Wie beurteilt die Stadt Selm die Situation, dass sie für einen öffentlichen Rundfunk Geld „eintreiben“ soll?

Aufgrund der steigenden Fallzahlen der Amtshilfeersuchen, verbunden mit einem abnehmenden Zahlungsverhalten, steigt nach Auskunft der Verwaltung der damit verbundene Verwaltungsaufwand immens. Da die Stadt Selm nicht nur Ansprüche anderer Behörden beitreiben muss, sind für die Bearbeitung zunehmend mehr Ressourcen notwendig und damit zwangsläufig Mehrkosten im städtischen Haushalt zu erwarten.

Wie bewertet der Beitragsservice die Entwicklung?

„Uns ist bewusst, dass die gestiegene Anzahl von Vollstreckungen bei der Umstellung auf das Beitragsmodell eine enorme Belastung für die zuständigen Vollstreckungsbehörden darstellt.

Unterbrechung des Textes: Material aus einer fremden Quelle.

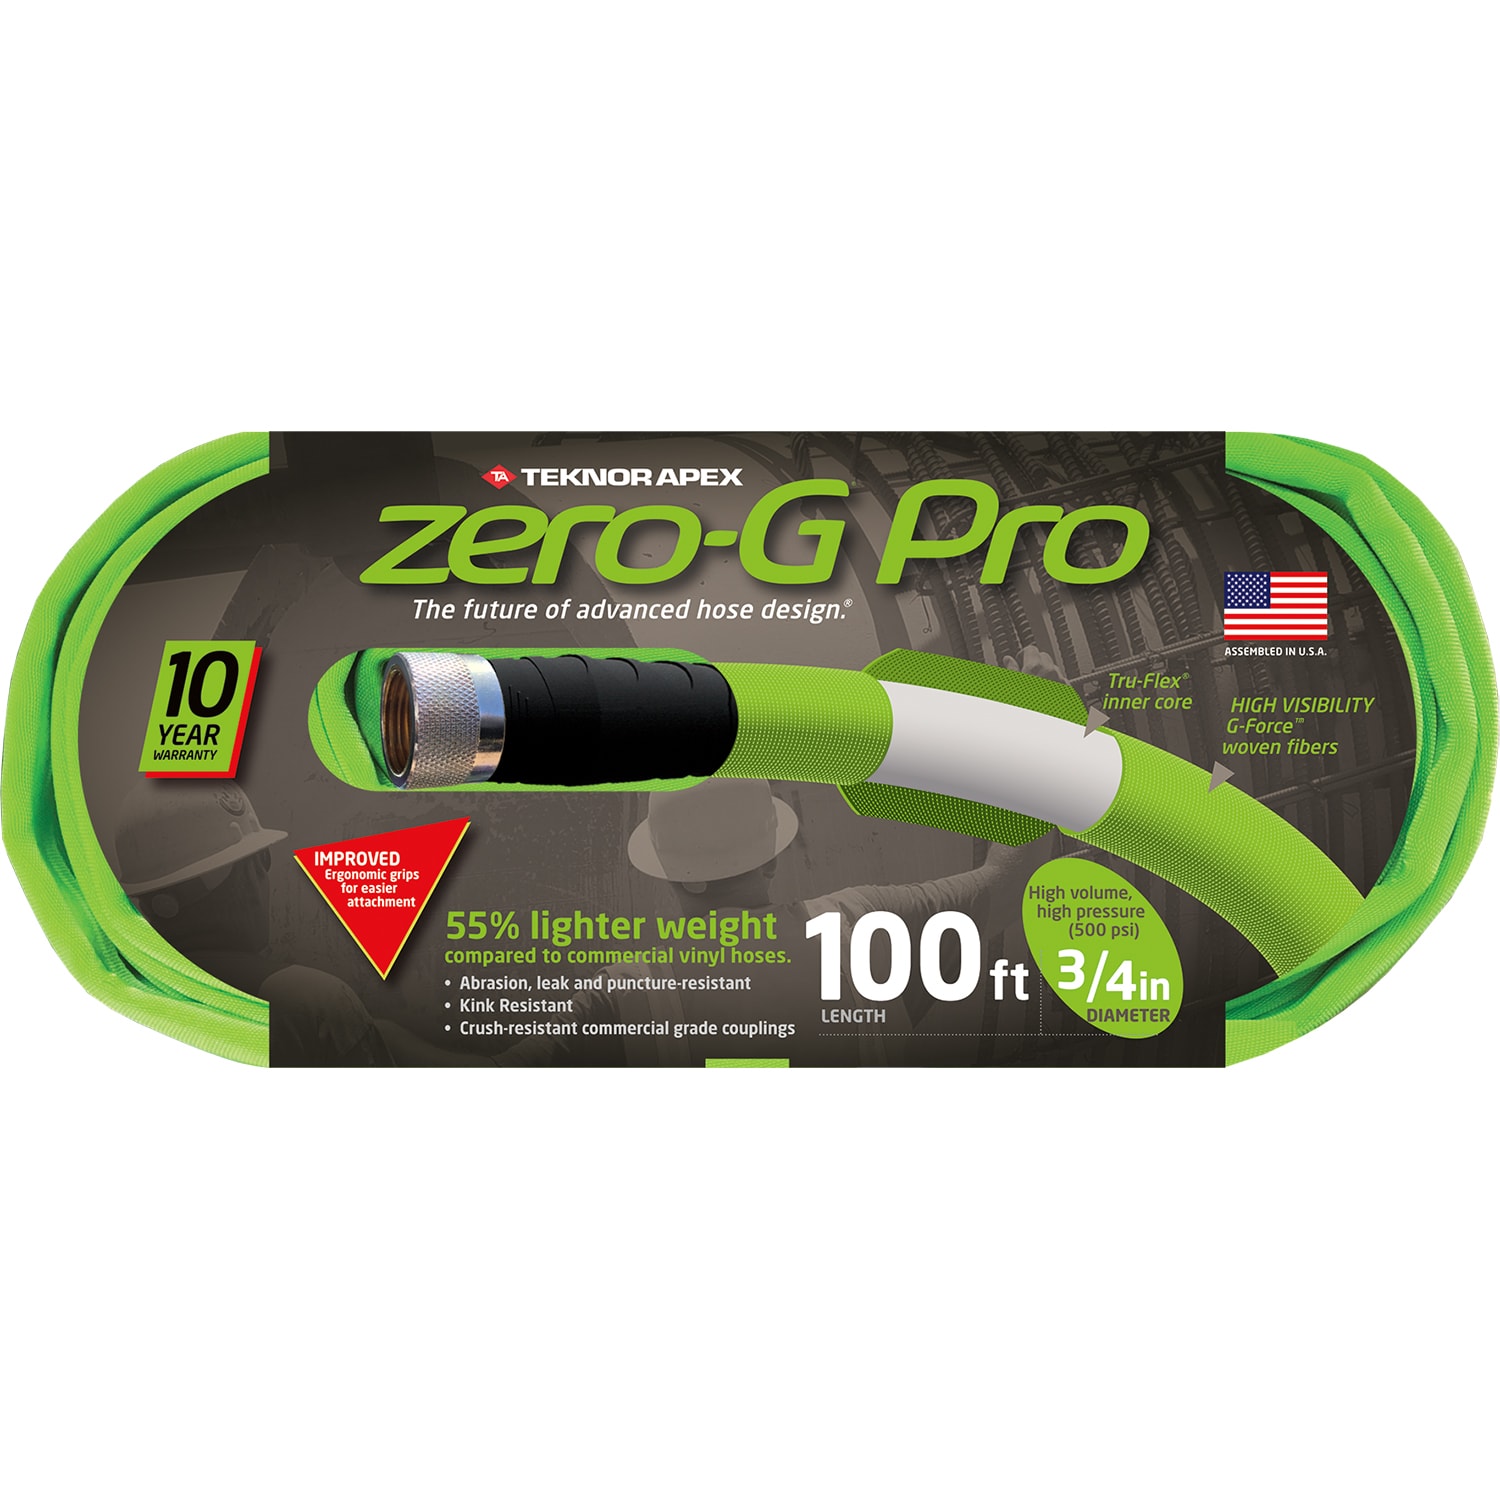 Zero-G Pro Teknor Apex 3/4-in x 100-ft Contractor-Duty Kink Free

Daher versuchen wir sie bestmöglich zu unterstützen, beispielsweise haben wir eine Service-Hotline für Behörden. Wir stehen jederzeit als Ansprechpartner zur Verfügung“, so die schriftliche Stellungnahme.

Bundesweiter Trend
Der Trend der stark steigenden Zahlen bei Vollstreckungsersuchen für Rundfunkgebühren gilt bundesweit. Zu den 23 Euro, die die Stadt als Kostenbeitrag pro Fall vom WDR erstattet bekommt, erhält sie auch noch die Vollstreckungskosten selbst und die Auslagen der Vollstreckung, sofern sie beim Zahlungspflichtigen nicht zu holen sind.